Nominees for Election of Directors

DR. VARTAN GHUGASIAN

     Dr. Ghugasian is 51 years old.  Dr. Ghugasian has been a practicing
     dentist in Massachusetts since 1972.  Dr. Ghugasian has enjoyed a number
     of academic appointments.  These include a position as an Associate in
     Prosthetic Dentistry, Harvard School of Dental Medicine, which he held
     from 1980 until 1993.  Dr. Ghugasian is a director of the Karagheusian
     Commemorative Corporation of New York City.  Dr. Ghugasian is a member of
     the 13D Shareholders Group and owns 13,500 shares of the common stock of
     the Corporation as well as 44,000 shares with Takuhe Ghugasian.  Dr.
     Ghugasian has had no business relationship with Novametrix and has no
     family or business relationship with any existing directors or management.

PAUL A. COTE, ESQ.

     Paul Cote is 66 years old.  Mr. Cote has been a practicing lawyer in Maine
     since 1955 and is the President and Director of his law firm, Cote, Cote &
     Hamann.  Mr. Cote is a member of the bar of several courts in the United
     States, including the U.S. Supreme Court.  Mr. Cote is a former judge. 
     Mr. Cote is a graduate of Boston University Law School.  Mr. Cote was a
     member of the Board of Directors of Secor Federal Savings & Loan,
     Birmingham, Alabama, in 1992 and 1993, a bank with assets of $2 billion
     and which was listed on NASDAQ.  Mr. Cote was also a member of the
     following Boards:  Advisory Boards of Fleet Bank (1990-1992); Northeast
     Bankshares Association (later became Norstar and then Fleet) (1975-1989);
     and Auburn-Lewiston United Way (later to become Auburn-Lewiston United
     Fund) (1957-1967).  Mr. Cote, individually and with his wife Joan, owns
     70,120 shares of the Corporation and 20,575 warrants, which accounts for
     approximately 1.3% of the Corporation.  Mr. Cote has had no business
     relationship with Novametrix and has no family or business relationship
     with any existing directors or management.
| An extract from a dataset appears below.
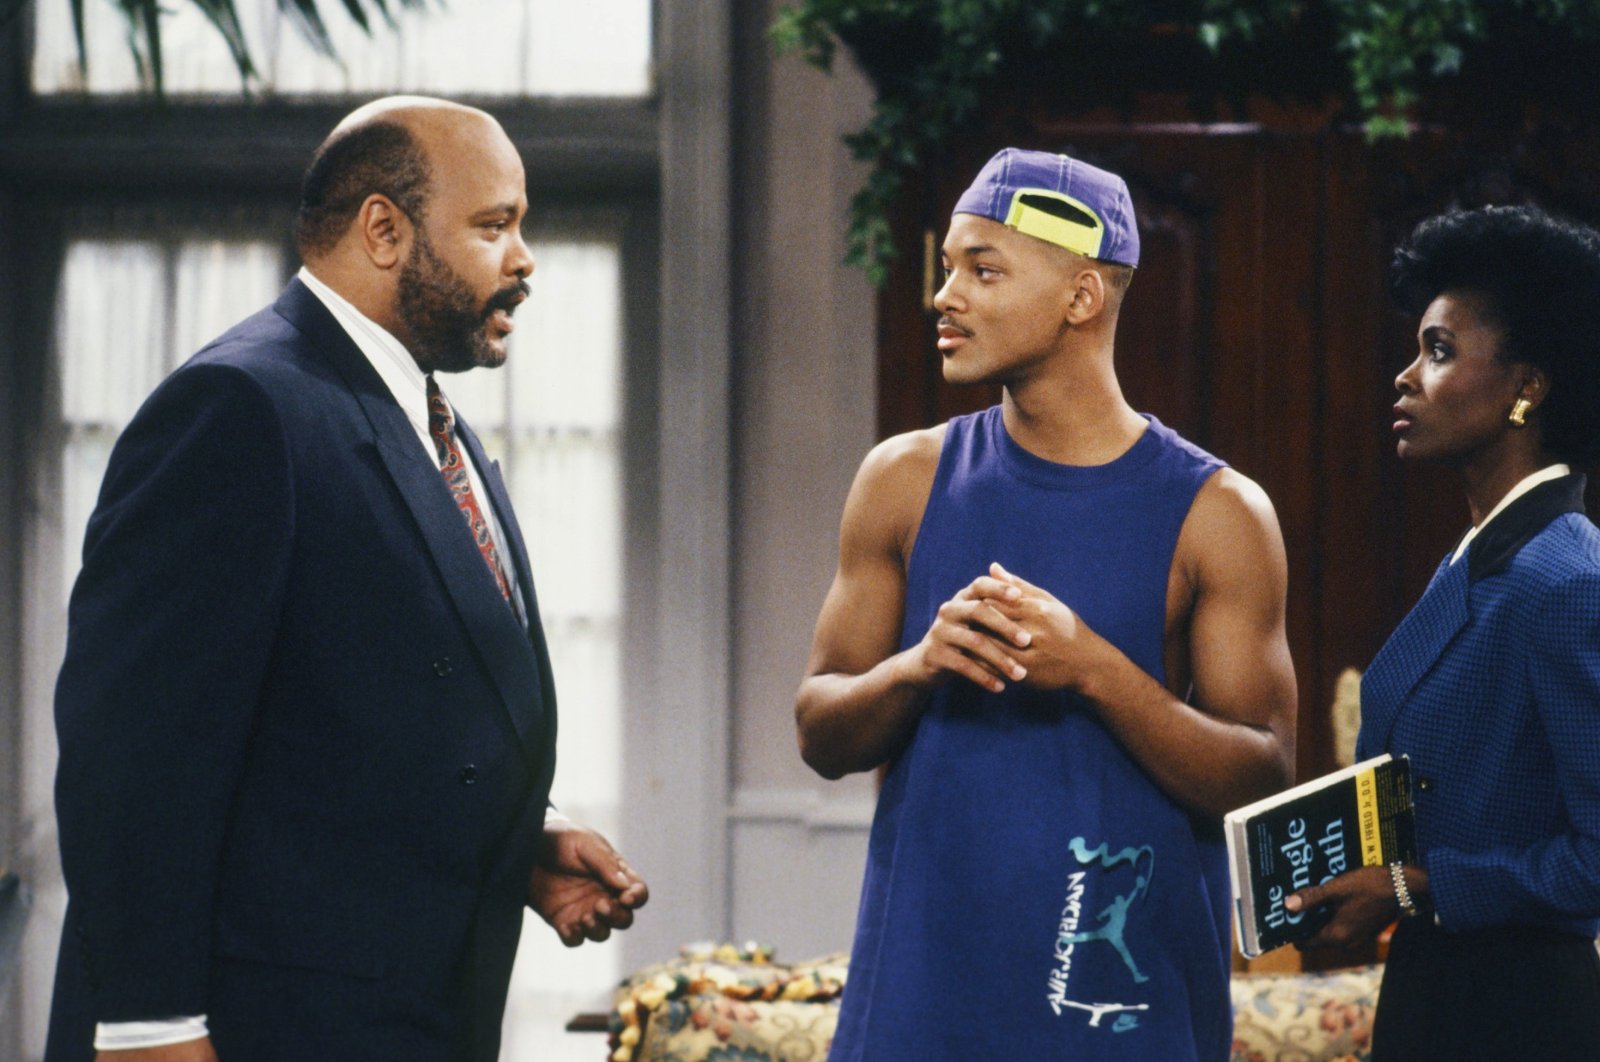 This photo provided by NBC shows (L-R) James Avery as Philip Banks, Will Smith as William "Will" Smith, and Janet Hubert as Vivian Banks, in Episode 7, "Def Poet's Society" from the TV series, "The Fresh Prince of Bel-Air." (AP PHOTO)

Plans of Dr. Ghugasian and Mr. Cote If Elected

     If Dr. Ghugasian and Mr. Cote are elected they would work to maximize
     shareholder values.  They would propose, among other things, the
     engagement of an investment banker to determine a true value for the
     Company and to recommend a course of action to maximize those values. 
     They would propose that the Company adopt a plan to maximize those values.

     They also oppose the merger with Andros.  They believe the unanimous vote
     by the current Board of Directors of the Company demonstrates a need for
     new Directors.  They believe that the merger is inappropriate for a number
     of reasons, including those described in the following section.  They
     believe that basic business logic should have caused the directors to
     reject the proposal.  It is their opinion that issuance of about 4.4
     million shares of the Company to Andros with a market value of
     approximately $25 million (as of July 31, 1996) for a company, Andros,
     that had a negative net worth (liabilities greater than assets) of $3.6
     million (as of July 31, 1996), and the assumption by the Company's
     subsidiary of Andros liabilities of $59 million (as of July 31, 1996), is
     not a sound business deal.


     Dr. Ghugasian and Mr. Cote believe that the broker management retained,
     Tucker Anthony, Inc., is not suitable because of its rendering an opinion
     upon which management relies, that the exchange ratio for the Andros
     merger is fair to the Company and the shareholders, even though Tucker
     Anthony has an interest in the shareholders voting in favor of the merger,
     since Tucker Anthony's fee increases if the merger goes through.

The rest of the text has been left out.